The Delhi bench of Income Tax Appellate Tribunal (ITAT) recently held that no addition shall be made on account of share premium received in excess of Fair Market Value (FMV) under Section 56(20(viib0 of the Income Tax Act, 1961.
The Assessee Continental Corrugators Pvt. Ltd is engaged in the business of corrugated boxes.During the scrutiny proceedings Assessing Officer observed that the assessee has issued Rs.10 lakh equity shares of face value Rs.10/- per share at Rs.36 per share, i.e, at a premium of Rs.26 per share.
In view of the absence of valuation report of Chartered Accountant in terms of Rule 11UA, the AO invoked the provisions of Section 56(2)(viib) and considered the premium amount of Rs.26 per share to be in excess of Fair Market Value (FMV) of equity shares of the company and consequently the excess consideration received on account of share premium on issue of equity shares were held to be assessable to tax under Section 56(2)(viib) of the Income Tax Act.

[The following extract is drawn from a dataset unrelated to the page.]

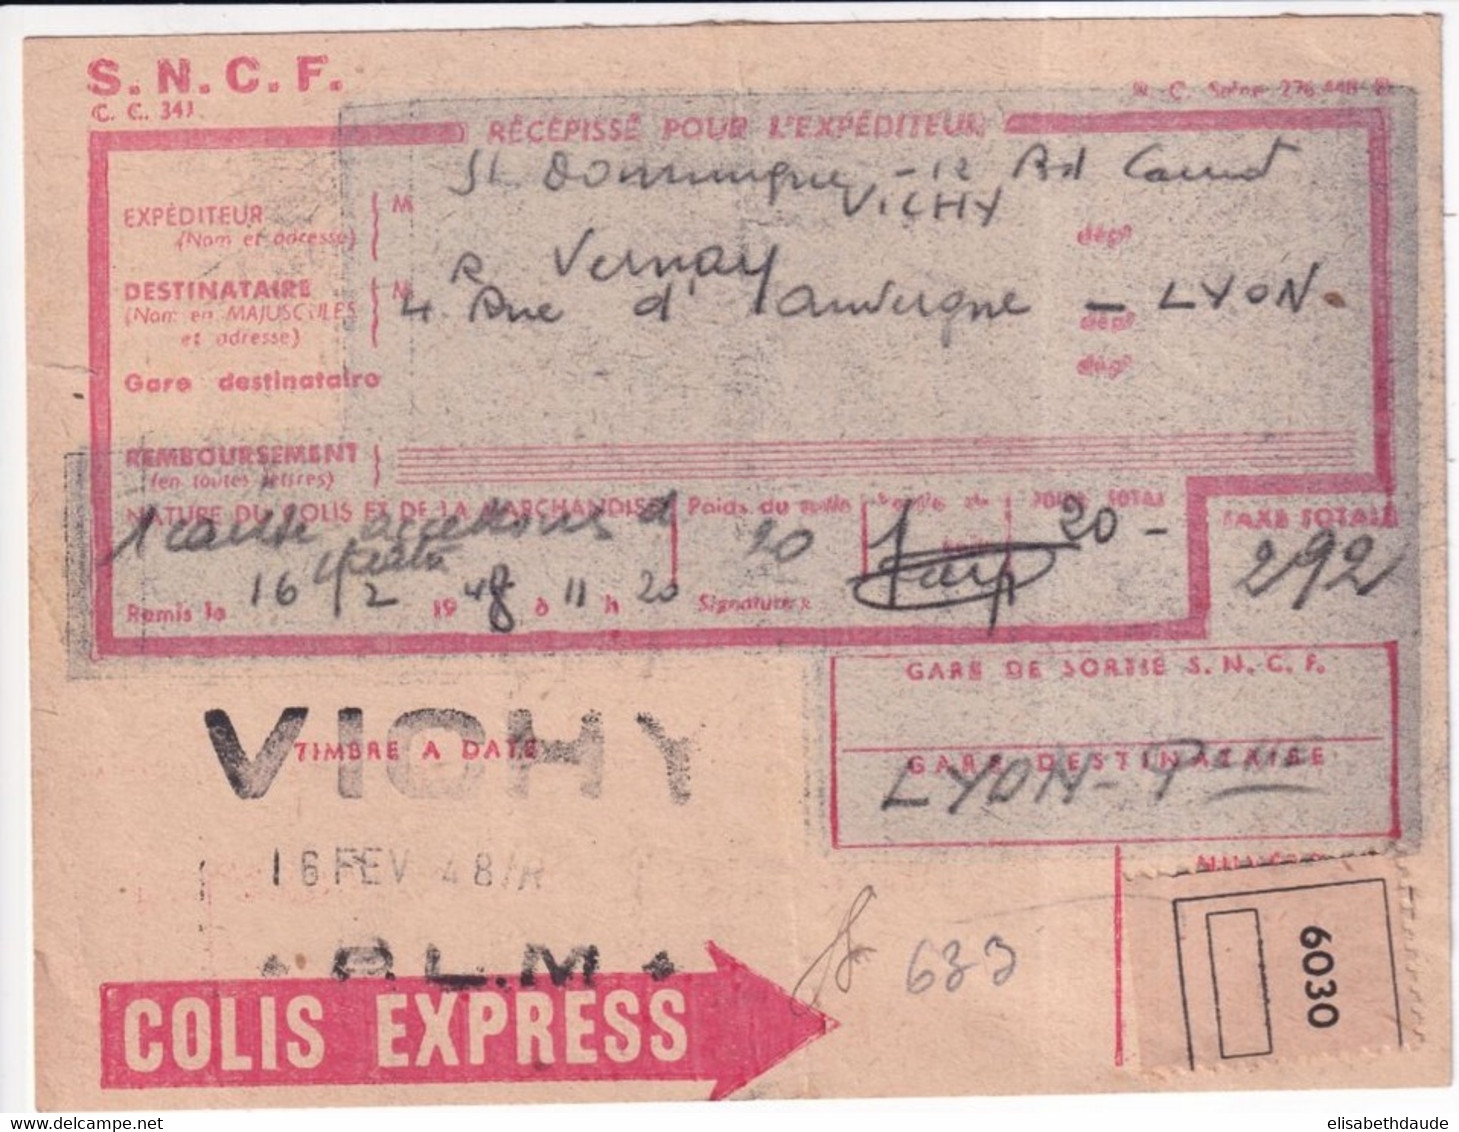 COLIS POSTAUX - 1948 - RECEPISSE COLIS EXPRESS ! De VICHY (ALLIER) => LYON - Brieven & Documenten

Aggrieved by the order the assessee filed appeal before the CIT(A).after analysing the submission the CIT(A) allowed the appeal filed by the assessee accordingly reversed the additions made by AO. Therefore the revenue filed another appeal before the tribunal with respect to the reversal of addition.
Rano Jain, Counsel for revenue submitted that In the absence of valuation report which is the basic document for such corroboration, the AO has rightly invoked the deeming provisions of Section 56(2)(viib) of the Act to treat the share premium to be excessive consideration over FMV for the purposes of Section 56(2)(viib) of the Act.
Vivek Kumar Upadhyay, Counsel for the assessee argued that for purposes of determining the FMV of unquoted equity shares under Rule 11UA(2)(a) of the Rules, there is no legal requirement of obtaining any valuation report. Since FMV has been determined on the basis of book value of assets and liabilities, the assessee was not required in law to obtain a separate valuation report.
The tribunal observed that the book value of assets and liabilities adopted for the purposes of NAV method of valuation is in consonance with last audited balance-sheet items as on 31.03.2016 whereas the allotment has been stated to be made in November, 2016 during the Financial Year 2016-17 relevant to Assessment Year 2017-18.
Further the phraseology of clause (a) to sub-rule (2) of Rule 11UA read with Explanation (a) to Section 56(2)(viib) do not thrust the requirement of Valuation Report for substantiation of valuation under NAV method.
After analyzing the submission of both parties the bench comprising Kul Bharat(Judicial Member) and Pradip Kumar Kedia, (Accountant Member) held that no addition was made on account of share premium received in excess of Fair Market Value (FMV) under Section 56(20(viib0 of the Income Tax Act.Therefore the bench reverse addition mae by the assessing officer.